### The problem
Your answer should hold all lines of the entries that include the word "sunset".

### Recorded data

_ _ _ _

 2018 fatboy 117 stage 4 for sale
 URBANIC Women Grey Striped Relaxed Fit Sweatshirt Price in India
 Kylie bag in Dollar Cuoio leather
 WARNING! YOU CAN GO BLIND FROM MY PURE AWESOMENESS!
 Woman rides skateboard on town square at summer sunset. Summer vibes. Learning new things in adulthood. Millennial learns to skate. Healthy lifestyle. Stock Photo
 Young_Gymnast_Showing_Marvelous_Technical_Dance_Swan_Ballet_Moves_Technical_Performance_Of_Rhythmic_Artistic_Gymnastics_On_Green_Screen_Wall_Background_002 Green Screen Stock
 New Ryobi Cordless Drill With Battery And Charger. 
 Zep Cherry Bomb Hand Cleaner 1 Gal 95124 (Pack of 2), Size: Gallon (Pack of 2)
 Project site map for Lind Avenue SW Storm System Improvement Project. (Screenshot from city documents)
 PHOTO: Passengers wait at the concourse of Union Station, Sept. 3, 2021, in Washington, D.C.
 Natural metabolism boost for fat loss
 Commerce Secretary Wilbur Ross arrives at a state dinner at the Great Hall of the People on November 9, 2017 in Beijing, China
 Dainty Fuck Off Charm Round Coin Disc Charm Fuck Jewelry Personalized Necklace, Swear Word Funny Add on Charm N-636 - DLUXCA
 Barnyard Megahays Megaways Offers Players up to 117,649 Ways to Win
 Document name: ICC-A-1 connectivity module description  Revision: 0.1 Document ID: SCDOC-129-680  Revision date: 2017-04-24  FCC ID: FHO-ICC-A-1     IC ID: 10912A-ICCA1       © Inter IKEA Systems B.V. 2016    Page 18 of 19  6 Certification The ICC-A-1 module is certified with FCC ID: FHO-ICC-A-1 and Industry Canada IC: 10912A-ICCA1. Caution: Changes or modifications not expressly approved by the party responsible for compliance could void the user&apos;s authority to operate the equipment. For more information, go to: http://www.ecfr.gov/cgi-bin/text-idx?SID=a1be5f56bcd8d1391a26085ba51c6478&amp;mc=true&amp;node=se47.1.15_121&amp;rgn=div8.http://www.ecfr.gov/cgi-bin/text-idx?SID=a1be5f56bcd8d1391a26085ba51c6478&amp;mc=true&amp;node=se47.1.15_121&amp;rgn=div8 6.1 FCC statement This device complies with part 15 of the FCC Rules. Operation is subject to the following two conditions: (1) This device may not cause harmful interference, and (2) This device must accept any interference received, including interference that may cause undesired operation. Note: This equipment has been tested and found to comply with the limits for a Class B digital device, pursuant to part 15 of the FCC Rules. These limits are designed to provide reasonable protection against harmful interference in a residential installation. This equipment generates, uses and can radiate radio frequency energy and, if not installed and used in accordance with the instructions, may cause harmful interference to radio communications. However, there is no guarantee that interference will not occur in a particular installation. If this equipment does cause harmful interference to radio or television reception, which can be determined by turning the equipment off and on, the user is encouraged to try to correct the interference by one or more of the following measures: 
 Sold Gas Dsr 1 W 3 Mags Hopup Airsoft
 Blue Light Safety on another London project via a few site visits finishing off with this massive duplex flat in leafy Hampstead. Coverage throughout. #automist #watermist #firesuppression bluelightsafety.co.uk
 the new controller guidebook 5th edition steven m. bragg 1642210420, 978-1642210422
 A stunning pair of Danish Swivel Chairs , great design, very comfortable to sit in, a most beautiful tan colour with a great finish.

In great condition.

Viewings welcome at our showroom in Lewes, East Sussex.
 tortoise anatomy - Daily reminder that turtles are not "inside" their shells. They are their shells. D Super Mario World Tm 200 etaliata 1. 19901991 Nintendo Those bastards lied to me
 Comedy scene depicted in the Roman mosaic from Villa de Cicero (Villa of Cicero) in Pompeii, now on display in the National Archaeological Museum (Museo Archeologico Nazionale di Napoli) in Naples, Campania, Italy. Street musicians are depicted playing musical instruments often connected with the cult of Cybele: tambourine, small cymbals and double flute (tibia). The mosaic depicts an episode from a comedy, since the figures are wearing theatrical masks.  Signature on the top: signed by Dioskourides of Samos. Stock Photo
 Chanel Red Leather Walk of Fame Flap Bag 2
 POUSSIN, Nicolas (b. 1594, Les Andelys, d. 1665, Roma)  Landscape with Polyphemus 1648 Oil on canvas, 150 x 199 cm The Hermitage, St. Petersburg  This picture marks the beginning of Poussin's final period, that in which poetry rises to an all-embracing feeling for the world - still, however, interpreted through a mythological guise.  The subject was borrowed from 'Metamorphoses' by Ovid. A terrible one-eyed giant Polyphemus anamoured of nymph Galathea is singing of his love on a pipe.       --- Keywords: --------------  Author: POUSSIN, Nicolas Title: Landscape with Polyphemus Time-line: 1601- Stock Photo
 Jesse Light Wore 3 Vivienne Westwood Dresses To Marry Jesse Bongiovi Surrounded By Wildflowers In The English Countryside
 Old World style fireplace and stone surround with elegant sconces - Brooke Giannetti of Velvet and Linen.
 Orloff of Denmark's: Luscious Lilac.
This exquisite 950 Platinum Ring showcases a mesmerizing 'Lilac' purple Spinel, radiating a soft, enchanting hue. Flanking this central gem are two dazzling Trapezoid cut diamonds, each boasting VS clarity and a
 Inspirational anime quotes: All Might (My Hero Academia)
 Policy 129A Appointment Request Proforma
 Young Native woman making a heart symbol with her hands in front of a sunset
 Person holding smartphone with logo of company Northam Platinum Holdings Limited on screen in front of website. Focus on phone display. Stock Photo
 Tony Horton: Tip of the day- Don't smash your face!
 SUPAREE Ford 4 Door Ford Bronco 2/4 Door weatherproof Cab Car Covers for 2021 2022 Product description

_ _ _ _

### Result of this task
 Woman rides skateboard on town square at summer sunset. Summer vibes. Learning new things in adulthood. Millennial learns to skate. Healthy lifestyle. Stock Photo
 Young Native woman making a heart symbol with her hands in front of a sunset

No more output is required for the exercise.